Eloise didn’t talk much on the mattress as both jumped between apps. The couple searched for something to say, any highlight worth mentioning in such unsavory times. Cliff considered bringing up Twin_Kitty_Cakes, whether his wife knew that their dear George followed such voluptuous curves. Best to do some more investigating first, he thought. There had to be a logical explanation to how she made those jumps and dashes almost effortlessly.

“You’re a stupid piece of shit, you know that?” Kitty shouted from the bedroom while Cliff typed at the kitchen table, ignoring the crumbs beneath his elbows.

“What is it? What did I do?” He’d felt nothing but sweat since relocating to The Keys.

“Everything is so goddamn gross around here since you came. I just don’t feel like this is going to work out,” Kitty stepped out and stood in the middle of the living room; Cliff often completely aghast by how even life’s smallest foibles exhausted her.

“You asked me to come stay with you after the convention. You said it would be the start of something.” Three months he’d been there fielding IT tickets while Kitty lied around taking selfies and recording personal messages for contributing patrons. Cliff only had a vague inkling of how she spent the money; their current living arrangement considerably more claustrophobic than her streams led viewers to believe.

“I know what I said then, but things are different now, and I need my space back. I can’t keep catering to you and all of your things.”

“You haven’t even really taken the time to learn about my things,” Cliff replied. “Actually, I’m not sure if my things ever mattered to you.”

“Don’t say that,” Kitty shifted her hip and made a sad face.

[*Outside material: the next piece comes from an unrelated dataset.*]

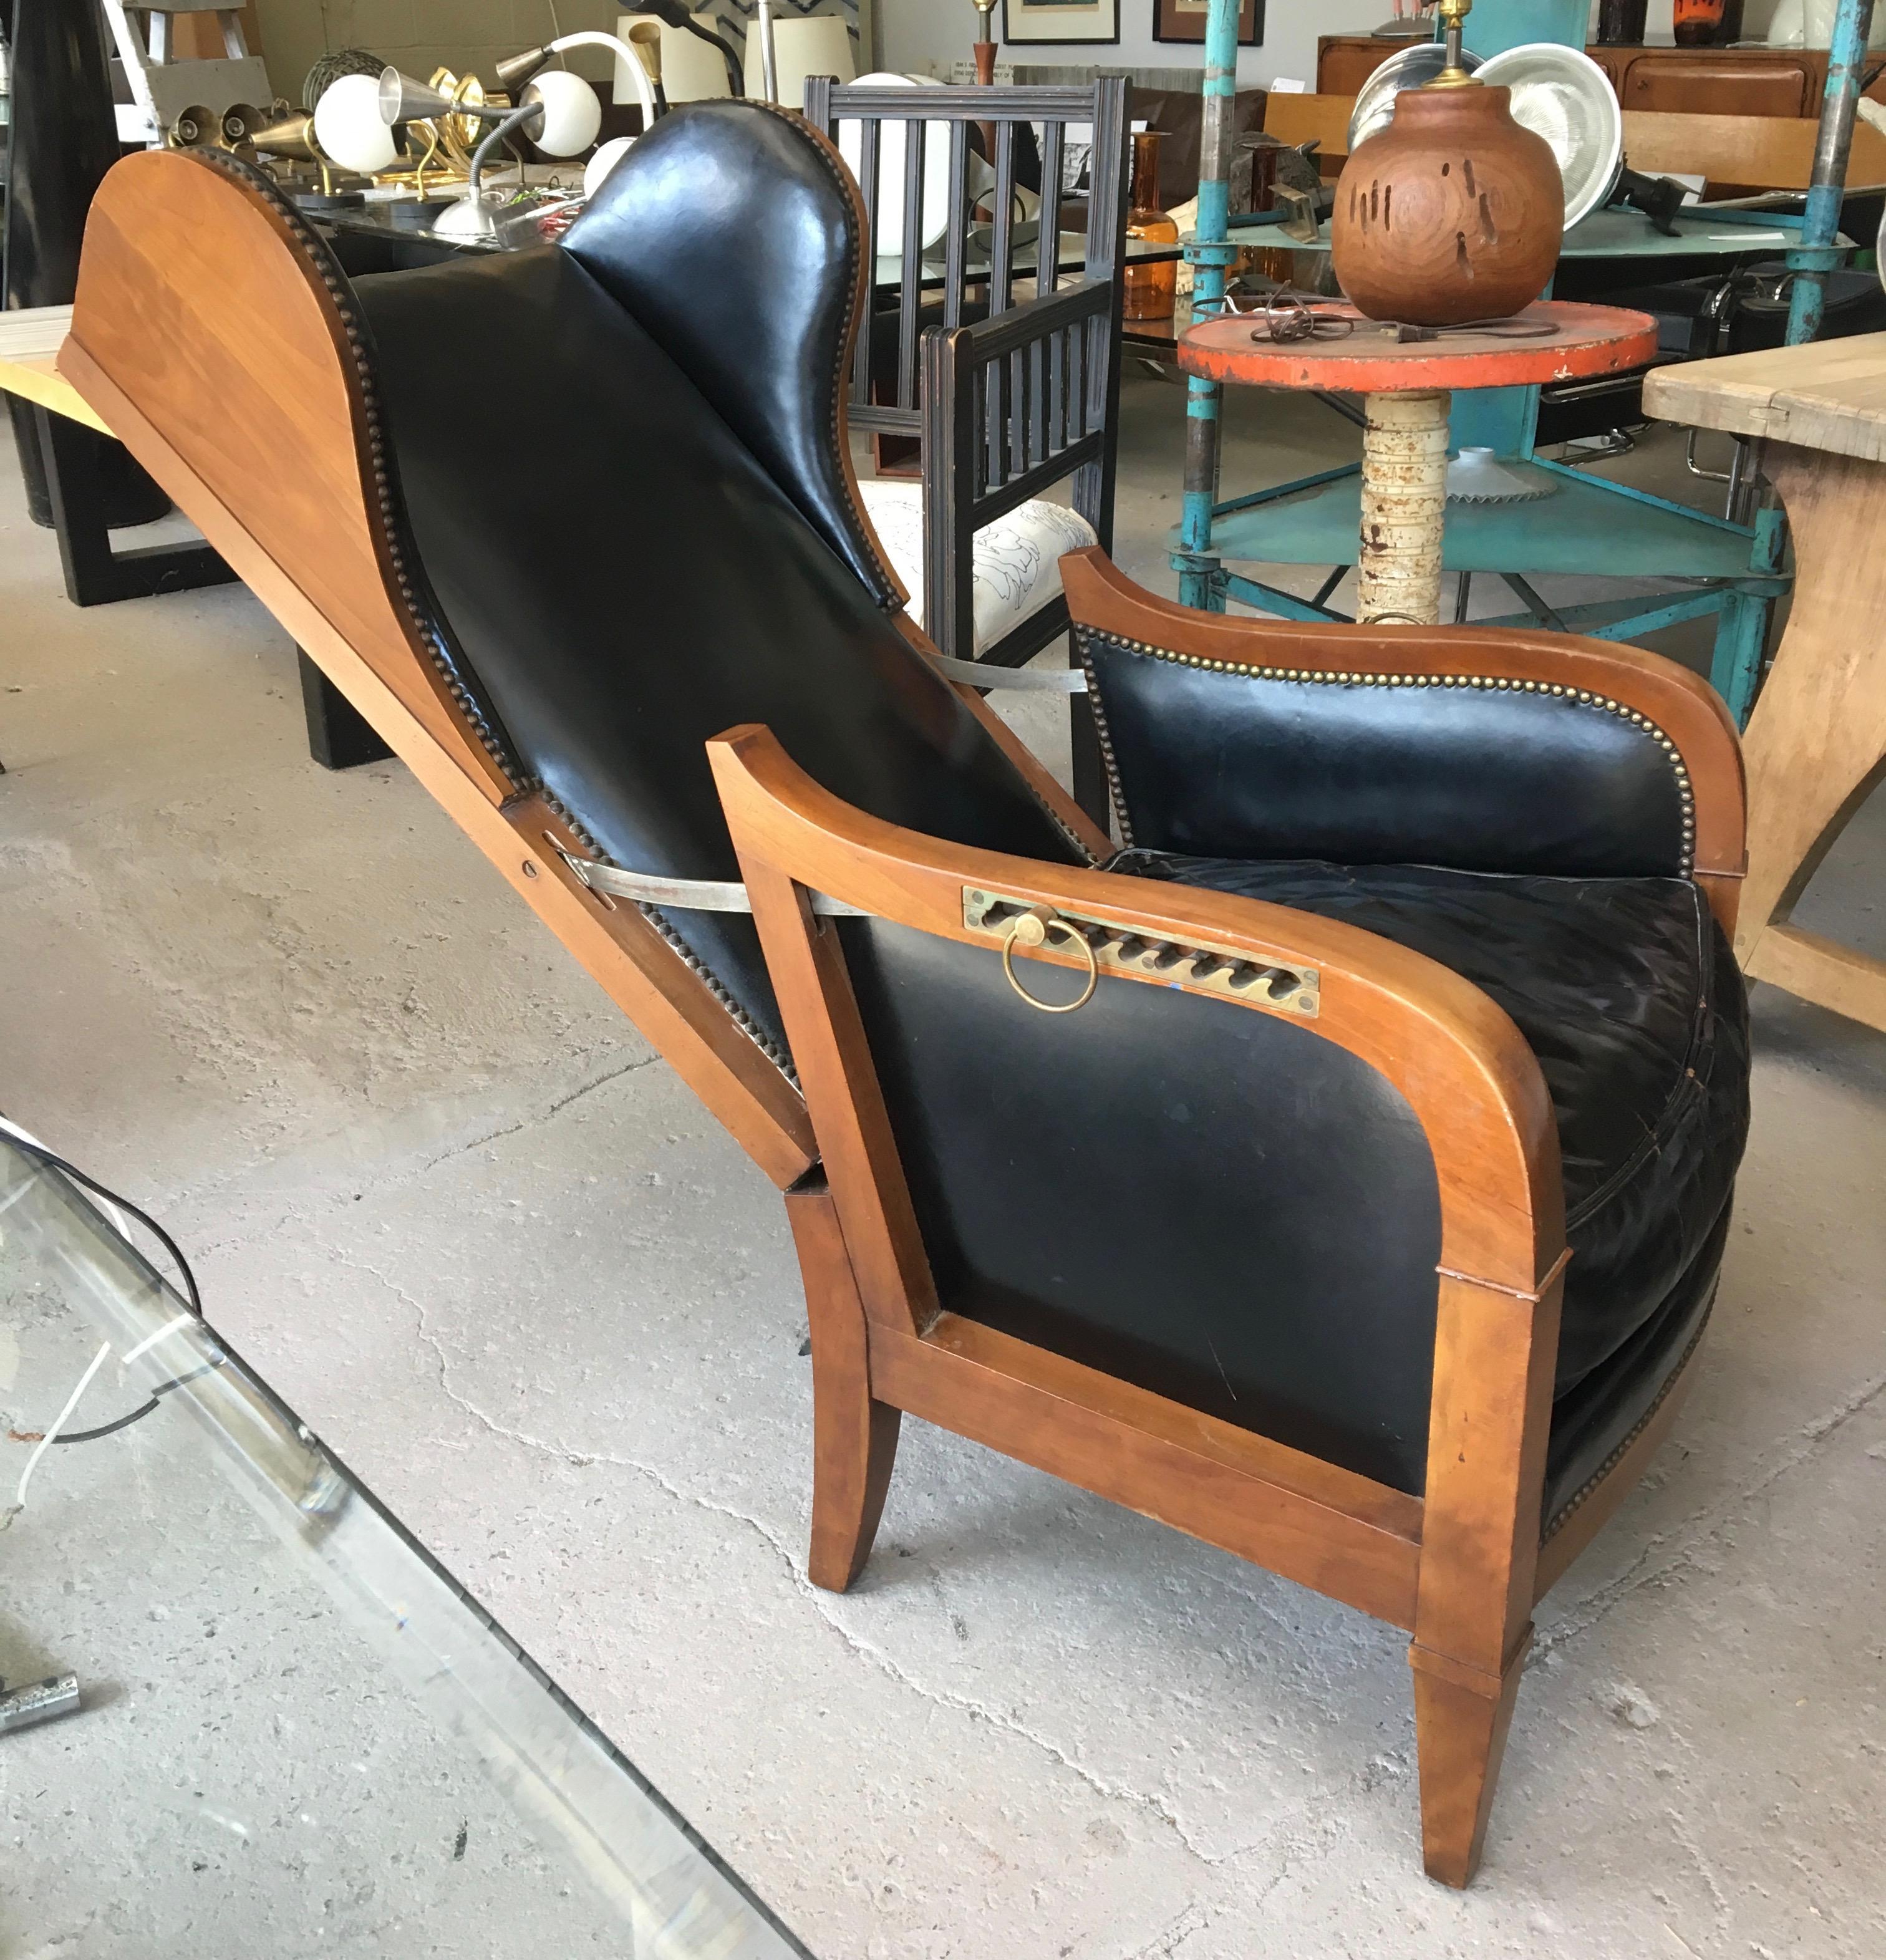 Clever and handsome 1950s French Art Deco style adjustable back wing chair in walnut wood with solid brass adjustable back mechanism. Original black leatherette is distressed but chic, brass nail heads; the chair back reclines easily.

“Jesus, you haven’t even met my kids,” Cliff closed his laptop screen and sighed. “Maybe it is time I mosey out of here.” He stood from the kitchen table and tried not to look at her.

“Well, that’s just typical, isn’t it?” Kitty growled. “Once things aren’t the perfect fantasy you expect, you’re just gone,” she collapsed onto the couch. “I don’t know why I ever thought this would work. I can’t stand being with men. They’re disgusting, and they all want the same thing from you.”

“You’re right,” Cliff stepped past her into the bedroom. He breathed deep and tried to control the beat of his heart as he began emptying the two dresser drawers she’d allotted him.

“So that’s just it, huh?” Kitty leapt up again and leaned furiously in the threshold, eyes fixated on him. “You’re not going to try?”

“If there’s one thing I’ve learned from my years it’s this: you can always respawn and try again, but only with the right game.” Cliff slung the duffle bag over his shoulder and walked with intention to her door.

“You suck anyway!” Kitty cawed. “You’re too goddamn old to rank high. I don’t know why I’ve been letting you bum around here for as long as you have. I haven’t learned anything from you that I didn’t already know.”

“Well then I just feel bad for you,” Cliff replied. “Because I’ve learned way too much.”

“Okay, bye,” Kitty annunciated before slamming her door a moment after he stepped onto the hot pavement.

It was a work day, which meant there were plenty more tickets and fixes. Cliff popped the trunk and arranged his few belongings in the back. Wiping liquid from his neck, he started the engine and put the air conditioner on max before slowly drifting out of the condominium parking lot. He drove past frazzled haunts towards an unsettled future, irresolute on who to call first back home. They’d all pretend to understand and offer translucent advice as Cliff resettled into a life left behind. He’d be grateful just to hear their voices, but would still occasionally retire to the bathroom and watch Kitty’s streams with the sound off, forever pondering why she never took the long way around the crocodiles.